* _EXERCISE INSTRUCTIONS_:
The answer should be an exact copy of the lines from the line with "Hotel Kronenschlösschen" through the last line of the entries, and no other lines.

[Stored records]
== Segment start ==

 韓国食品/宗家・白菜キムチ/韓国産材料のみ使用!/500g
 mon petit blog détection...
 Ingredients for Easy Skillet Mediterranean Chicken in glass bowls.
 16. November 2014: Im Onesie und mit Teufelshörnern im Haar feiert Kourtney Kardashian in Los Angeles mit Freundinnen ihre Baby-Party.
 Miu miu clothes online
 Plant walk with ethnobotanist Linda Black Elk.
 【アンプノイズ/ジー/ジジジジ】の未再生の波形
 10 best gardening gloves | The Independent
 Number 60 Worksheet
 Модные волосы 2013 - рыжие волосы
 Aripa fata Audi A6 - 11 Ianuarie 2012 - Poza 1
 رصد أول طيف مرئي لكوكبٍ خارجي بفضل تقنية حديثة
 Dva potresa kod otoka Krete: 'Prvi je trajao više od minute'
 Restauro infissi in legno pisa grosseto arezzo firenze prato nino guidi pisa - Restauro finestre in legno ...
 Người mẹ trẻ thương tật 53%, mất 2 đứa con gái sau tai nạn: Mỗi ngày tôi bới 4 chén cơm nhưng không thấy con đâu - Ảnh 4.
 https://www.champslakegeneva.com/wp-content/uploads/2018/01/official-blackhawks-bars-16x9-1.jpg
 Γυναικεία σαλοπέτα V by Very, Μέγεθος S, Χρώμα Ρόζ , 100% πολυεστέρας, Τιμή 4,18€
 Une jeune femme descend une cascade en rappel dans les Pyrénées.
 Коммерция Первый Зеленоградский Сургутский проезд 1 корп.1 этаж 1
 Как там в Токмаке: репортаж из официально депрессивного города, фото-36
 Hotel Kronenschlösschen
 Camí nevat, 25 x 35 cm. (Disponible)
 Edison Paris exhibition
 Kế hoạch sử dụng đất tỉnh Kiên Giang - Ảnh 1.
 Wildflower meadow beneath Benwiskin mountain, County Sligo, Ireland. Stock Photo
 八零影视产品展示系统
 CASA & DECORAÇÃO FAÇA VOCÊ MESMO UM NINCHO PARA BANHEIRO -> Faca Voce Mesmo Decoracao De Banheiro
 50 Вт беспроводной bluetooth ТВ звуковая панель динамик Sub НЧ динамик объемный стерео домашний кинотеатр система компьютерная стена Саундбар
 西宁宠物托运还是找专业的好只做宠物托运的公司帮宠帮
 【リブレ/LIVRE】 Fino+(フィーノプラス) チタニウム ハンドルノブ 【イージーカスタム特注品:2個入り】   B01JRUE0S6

== Segment end ==

* _EXPECTED ANSWER_:
 Hotel Kronenschlösschen
 Camí nevat, 25 x 35 cm. (Disponible)
 Edison Paris exhibition
 Kế hoạch sử dụng đất tỉnh Kiên Giang - Ảnh 1.
 Wildflower meadow beneath Benwiskin mountain, County Sligo, Ireland. Stock Photo
 八零影视产品展示系统
 CASA & DECORAÇÃO FAÇA VOCÊ MESMO UM NINCHO PARA BANHEIRO -> Faca Voce Mesmo Decoracao De Banheiro
 50 Вт беспроводной bluetooth ТВ звуковая панель динамик Sub НЧ динамик объемный стерео домашний кинотеатр система компьютерная стена Саундбар
 西宁宠物托运还是找专业的好只做宠物托运的公司帮宠帮
 【リブレ/LIVRE】 Fino+(フィーノプラス) チタニウム ハンドルノブ 【イージーカスタム特注品:2個入り】   B01JRUE0S6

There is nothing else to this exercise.